Dengan pendekatan pendapatan, pendapatan nasional diukur dengan cara menjumlahkan seluruh pendapatan yang diperoleh masyarakat dalam satu tahun seperti sewa, upah, bunga, dan laba (Khilmia et al., 2022., Haoloan, 2010). Pengukuran ini disebut dengan produk nasional neto yang menjumlahkan hasil dari tanah dan harta yang menghasilkan sewa, tenaga kerja yang mendapatkan gaji dan upah, modal yang memperoleh bunga, dan keahlian usahawan menghasilkan keuntungan (Sukirno, 2010).

Pada pendekatan ini, perekonomian digolongkan menjadi empat sektor yaitu rumah tangga, bisnis atau perusahaan, pemerintah, dan perdagangan luar negeri (Hadi, 2018).

3. Pendekatan Pengeluaran (Expenditure Approach)
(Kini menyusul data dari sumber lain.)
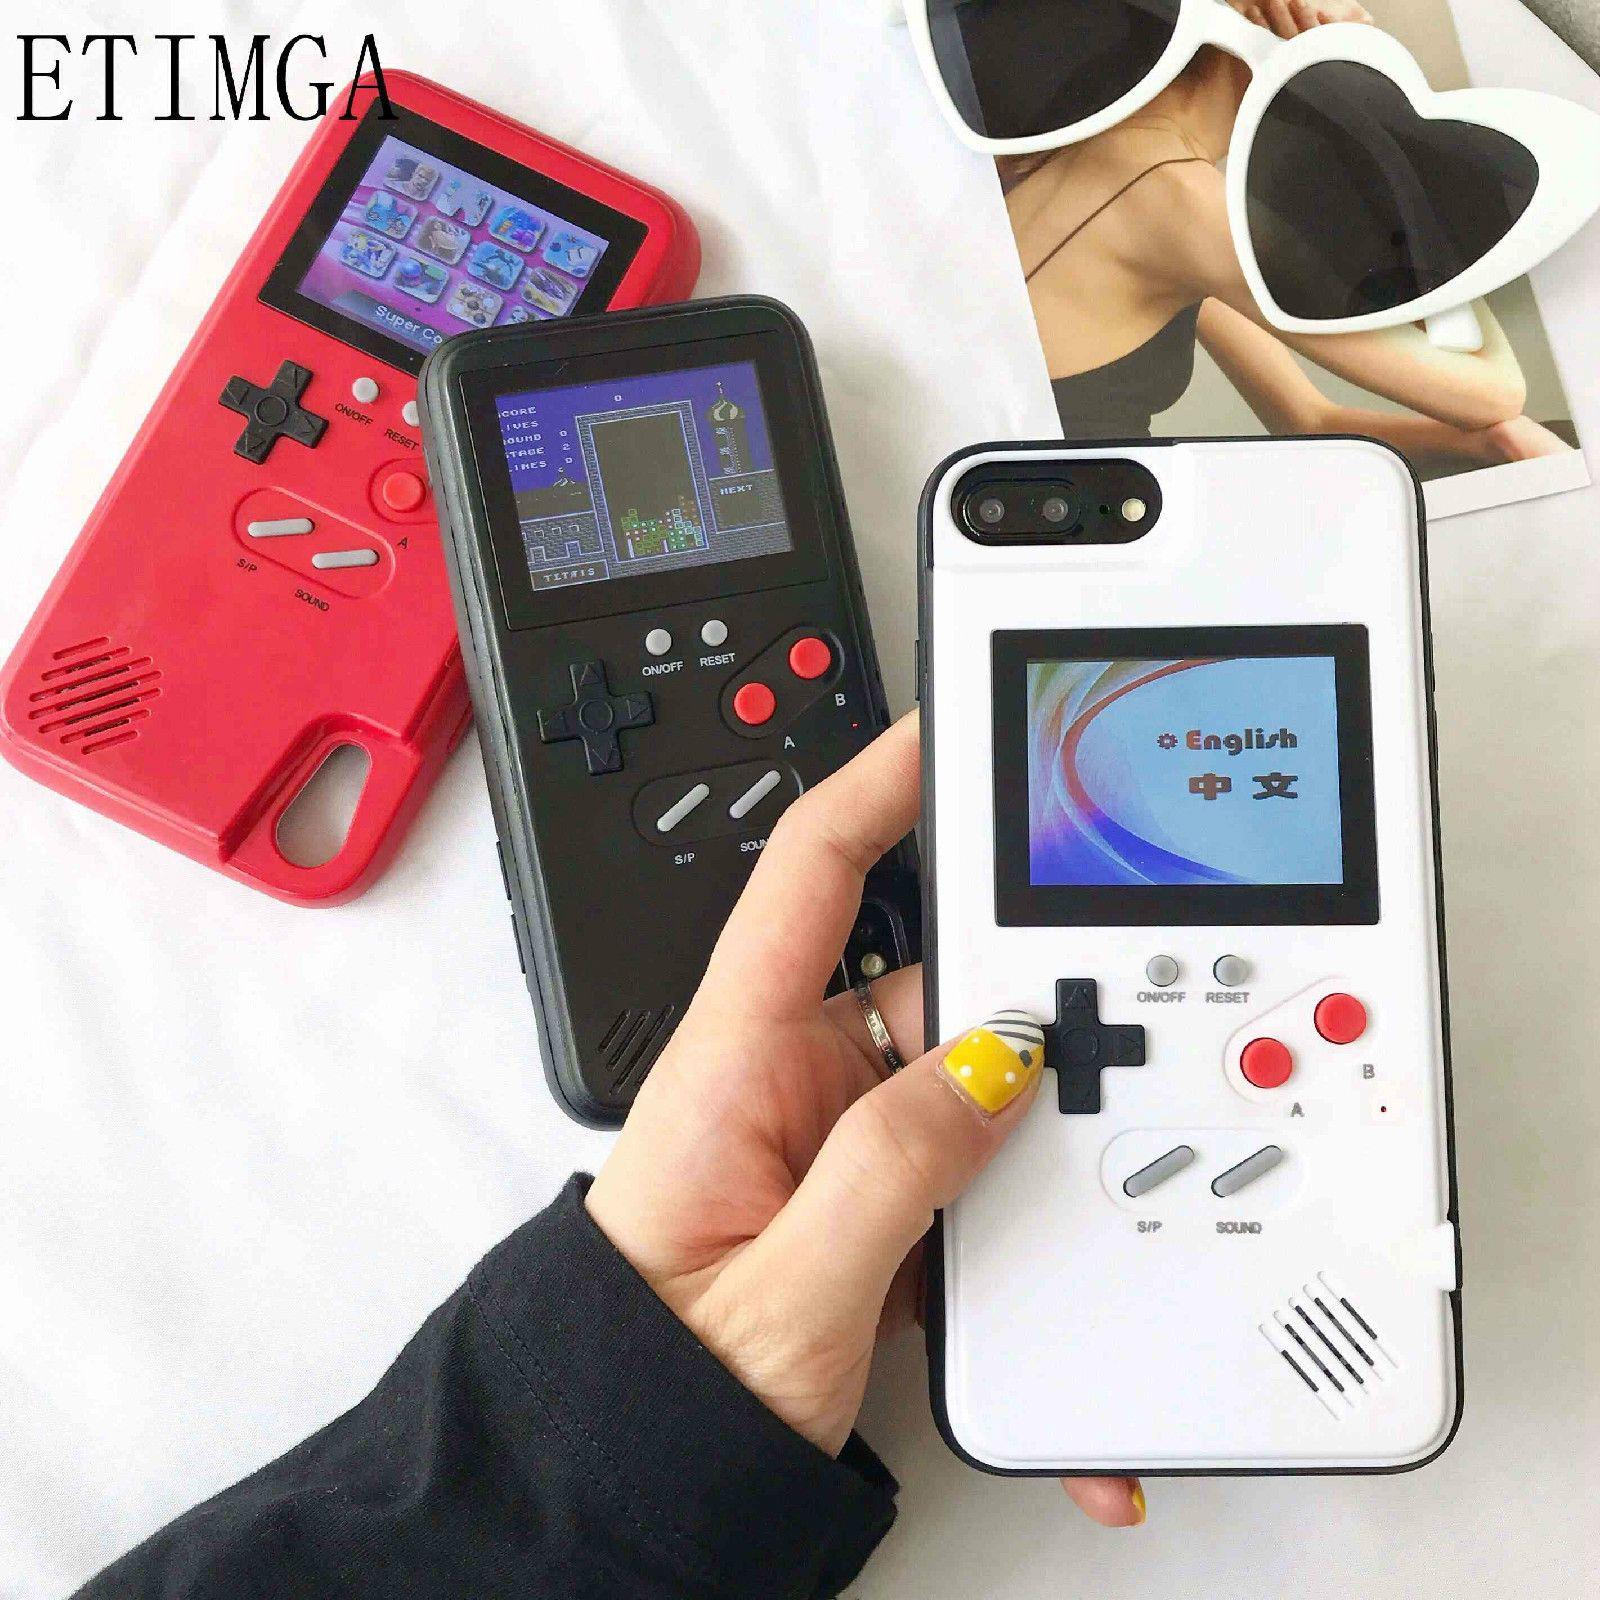 Écran couleur Xs Max coque de téléphone GameBoy pour iphone Xs Max Xr X rétro Tetris jeu couverture arrière pour iphone 8 7 6 6s plus Coques

Pendekatan pengeluaran diukur dengan cara menjumlahkan permintaan akhir dari unit- unit ekonomi yang dibuat persamaan menjadi:

Y = C + I , untuk perekonomian tertutup

Y = C + I + G, untuk perekonomian tertutup dengan peranan pemerintah Y = C + I + G + (X-M), untuk perekonomian terbuka (Huda et al., 2008)

(4)

Dimana, Y merupakan pendapatan produk nasional bruto, C merupakan konsumsi rumah tangga, I merupakan investasi dari perusahaan, G merupakan pengeluaran pemerintah, dan X-M merupakan pengeluaran ekspor dan impor.

METODE PENELITIAN

Metode penelitian yang digunakan dalam artikel ini adalah studi kepustakaan (library research) dengan pendekatan deskriptif. Dalam penelitian ini, penulis berupaya untuk menganalisis perbedaan mendasar antara pendapatan nasional konvensional dengan pendapatan nasional dari perspektif islam. Data-data dikumpulkan berasal dari buku, artikel, internet, dan sejenisnya yang dapat membantu penulis untuk menganalisis topik yang dibicarakan.

PEMBAHASAN

Pendapatan Nasional Konvensional

Pengukuran pendapatan nasional secara konvensional baik dengan pendekatan produksi, pendapatan masupun pengeluaran, akan menghasilkan angka yang dijadikan dasar dalam pengukuran kinerja berbagai sektor ekonomi suatu negara. Pendekatan yang paling umum digunakan dalam mengukur pendapatan nasional adalah pendekatan pengeluaran yang menghasilkan GNP. Pendekatan ini mengukur dengan cara menjumlahkan konsumsi rumah tangga, investasi perusahaan, pengeluaran pemerintah dan pengeluaran ekspor impor dengan persamaan:

Y = C + I + G + (X-M)

Persamaan ini merupakan sebuah identitas, maksudnya persamaan ini digunakan agar variabel-variabel makroekonomi dapat didefinisikan. Variabel konsumsi terdiri dari barang dan jasa yang dikonsumsi atau dibeli oleh rumah tangga. Seluruh bentuk konsumsi bersama-sama membentuk duapertiga dari GDP. Karena nilainya begitu besar, para ahli dengan giat mempelajari bagaimana sektor rumah tangga memutuskan berapa banyak yang harus dikonsumsi.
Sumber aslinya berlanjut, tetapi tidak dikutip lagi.